Le champ / contre champ

Le premier élément frappant dans CAROL, est la manière qu’a Todd Haynes d’aborder le champ-contrechamp. Un élément cinématographique vu et revu, presque basique et qui ne varie que très rarement. Il consiste à filmer de face l’un des acteurs tout en gardant dans le cadre l’amorce de son opposant. En passant de l’un à l’autre par le montage il permet notamment de recréer le rythme d’une conversation. Ici, lorsque Carol et Thérèse parlent ensemble, ce fameux champ-contrechamp s’avère bien particulier. Cela dès leur premier tête-à-tête dans un restaurant, peu après leur rencontre. Si nous découvrons bien un personnage de face, cette fameuse amorce apparaît là bien plus imposante. Presque trop présente dans le cadre, de sorte que soit filmée (quasiment) de dos l’une des deux actrices. La caméra se plaçant derrière, davantage qu’à côté. Le tout laisse alors entrevoir une grande ouverture sur le côté, créée par un léger décadrage des personnages. La preuve en image :

Comme on peut le voir ici, les deux actrices sont placées sur le côté, véritablement en face l’une de l’autre. Par son placement de caméra, le réalisateur est même parfois à la limite de cacher le visage de l’une par la chevelure de sa camarade. Ainsi, Haynes enferme ses deux personnages dans LEUR monde. Comme dans une bulle, un aparté où elles pourraient « moins » cacher leurs sentiments. Cette grande ouverture sur le côté nous amène alors au monde réel, au monde conventionnel de l’époque où elles ne seraient pas acceptées. Un simple champ-contrechamp permet ainsi de révéler au spectateur, comme le mettant dans la confidence, ce qui se trame entre ces deux femmes. Mais cette séparation entre elles et le monde extérieur se retrouve même lorsqu’elles ne sont pas ensemble. Avant tout pour Thérèse qui découvre cette vie, tandis que pour Carol sa sexualité a déjà été révélée. A nouveau, seul le placement de caméra du réalisateur nous renvoie à cette idée d’isolation de Thérèse. C’est le cas avec les hommes qui pourraient la courtiser. Notamment un ami qui profitera d’une visite des locaux d’un journal avec Thérèse pour tenter de l’embrasser. Une vitre, placée entre la caméra et Thérèse permet de marquer une frontière entre elle et cet homme, bien que dans le même cadre. Une manière de renforcer la distance entre eux, impossible à combler. Cette utilisation des vitres (à plusieurs reprises dans le film), peut rappeler le travail remarquable du réalisateur Wong Kar-wai en ouverture de My Blueberry Nights. Ce dernier y séparait constamment ses deux protagonistes (interprétés par Nora Jones et Judd Law) l’un de l’autre, mais mettait également une distance entre sa caméra et les acteurs.

Photo du film CAROL
© Wilson Webb / DCM

 

L’isolation des acteurs

Une sensation étrange se dégage ainsi de CAROL. Car tout est question de séparation, où les mots ne servent finalement plus. Nous avons évoqué cet homme qui ne peut faire partie de la vie de Thérèse. C’est également le cas d’autres femmes (une inconnue qui l’aborde à une fête mais que le réalisateur cache par un élément du décor), puisque Thérèse voue un amour profond à une autre. Mais également avec Carol elle-même. Car s’il devient rapidement évident pour nous, spectateur, que leur amour est réciproque, le « passage à l’acte » sera bien plus complexe, bien plus long. Même si dans leurs regards chacune sait, à conscience des sentiments développés, elles ne peuvent pas encore franchir cette barrière et se toucher ou s’embrasser. A quelques rares moment elles seront amenées à entrer en contact physique (une main posée sur une épaule). Mais une forme de malaise ou une retenue est bien présente.

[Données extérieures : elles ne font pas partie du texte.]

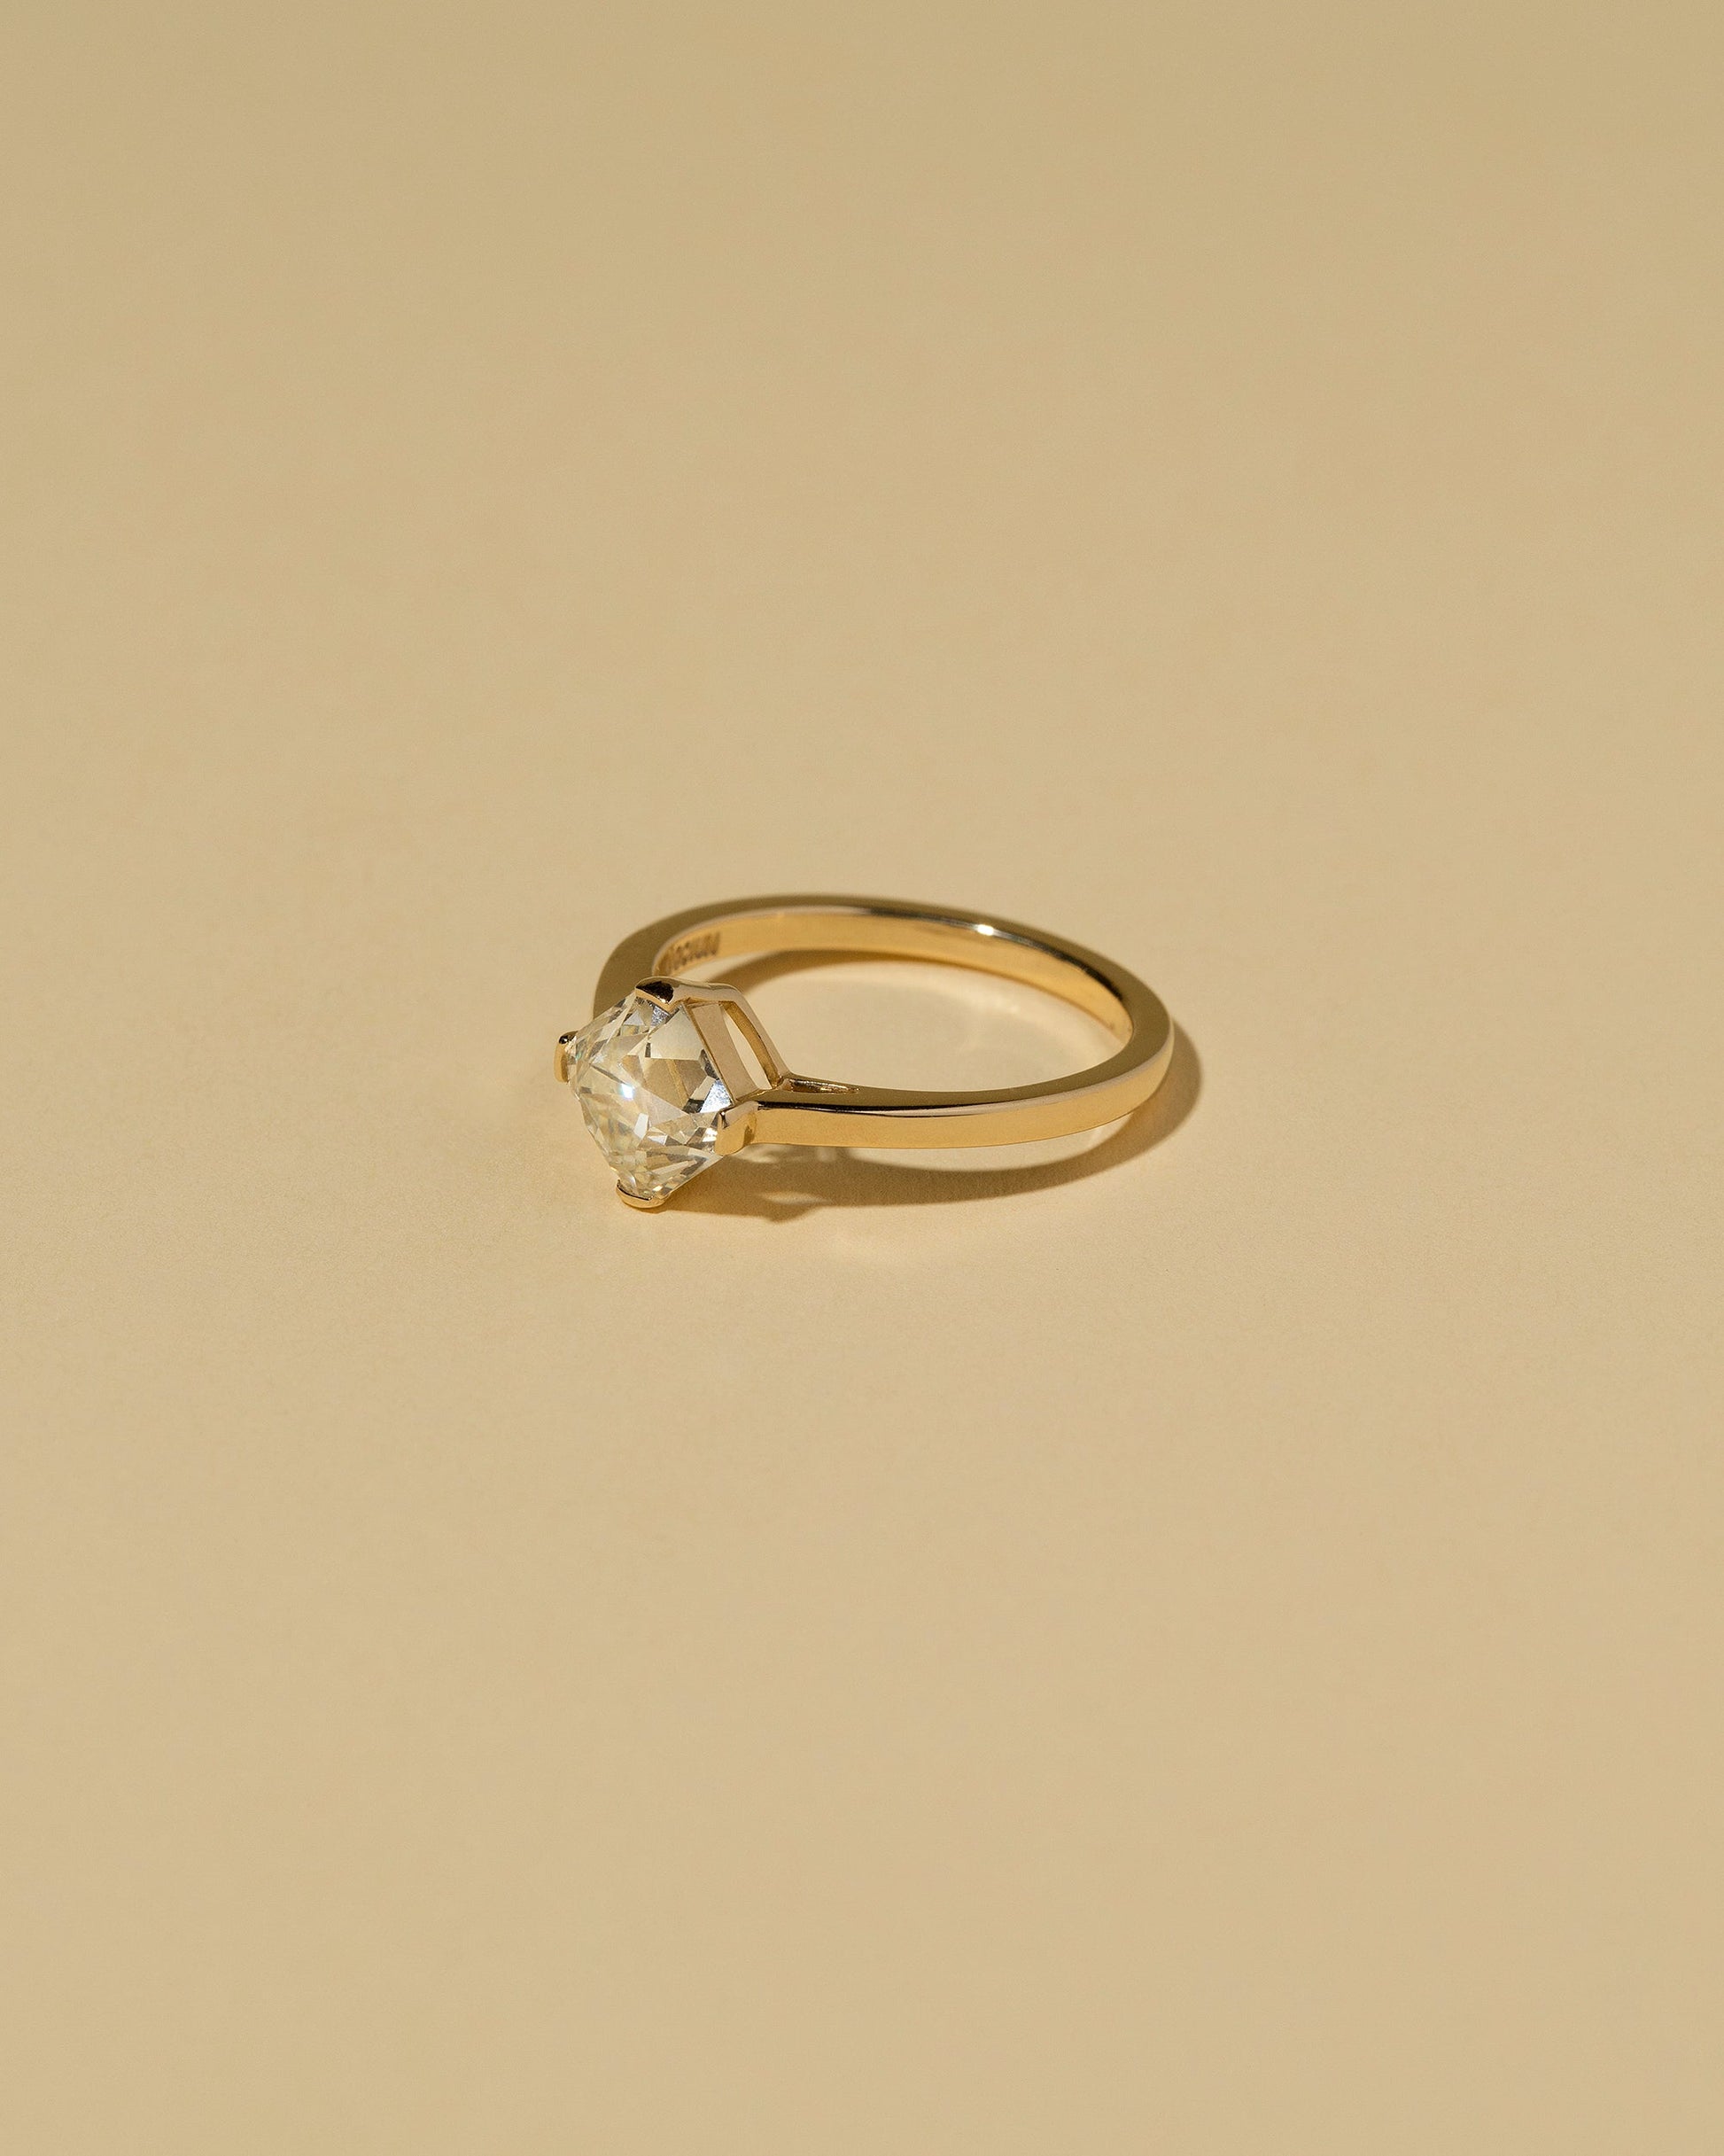  Cushion Modified Brilliant Diamond Solitaire Ring on light color background.

Le réalisateur repoussera ainsi merveilleusement leur passage à l’acte après avoir fait monter une tension palpable. Une approche qui bénéficie grandement à cette scène d’amour – peut-être la plus belle séquence du film. Avant cela, bien qu’on ressente une attraction puissante entre elles, des éléments viennent constamment les séparer ou les éloigner. C’est cet immense sapin, rangé à l’intérieur de la voiture de Carol, qui les empêche de se voir. C’est leurs positions dans le salon de Carol – Thérèse au piano, Carol l’observe de loin. C’est les éléments du décors, le jeu sur la profondeur et le sur-cadrage – des lignes imaginaires sont alors créées pour les séparer. Enfin, c’est l’utilisation d’accessoires, comme l’appareil photo de Thérèse – le regard que pose celle-ci sur Carol passant donc à travers un objectif.

Ainsi, le réalisateur utilise les regards de ses actrices pour nous parler et nous faire vivre cette histoire. Les dialogues n’ont alors presque plus d’importance puisque tout est dit par l’image. C’est d’ailleurs sur un regard qu’Haynes termine son œuvre. Après avoir refermé une boucle de manière judicieuse et forte de sens – la première scène du film se retrouvant à la fin est montrée sous un autre angle. Il parvient jusqu’au bout à traiter de ce sujet si fort en subtilité et en fait ressortir une émotion forte.
Tout est réfléchi et pertinent. Rien n’est gratuit. Derrière ce classicisme hollywoodien Todd Haynes élève son œuvre à un haut niveau et fait de CAROL une vraie leçon de cinéma.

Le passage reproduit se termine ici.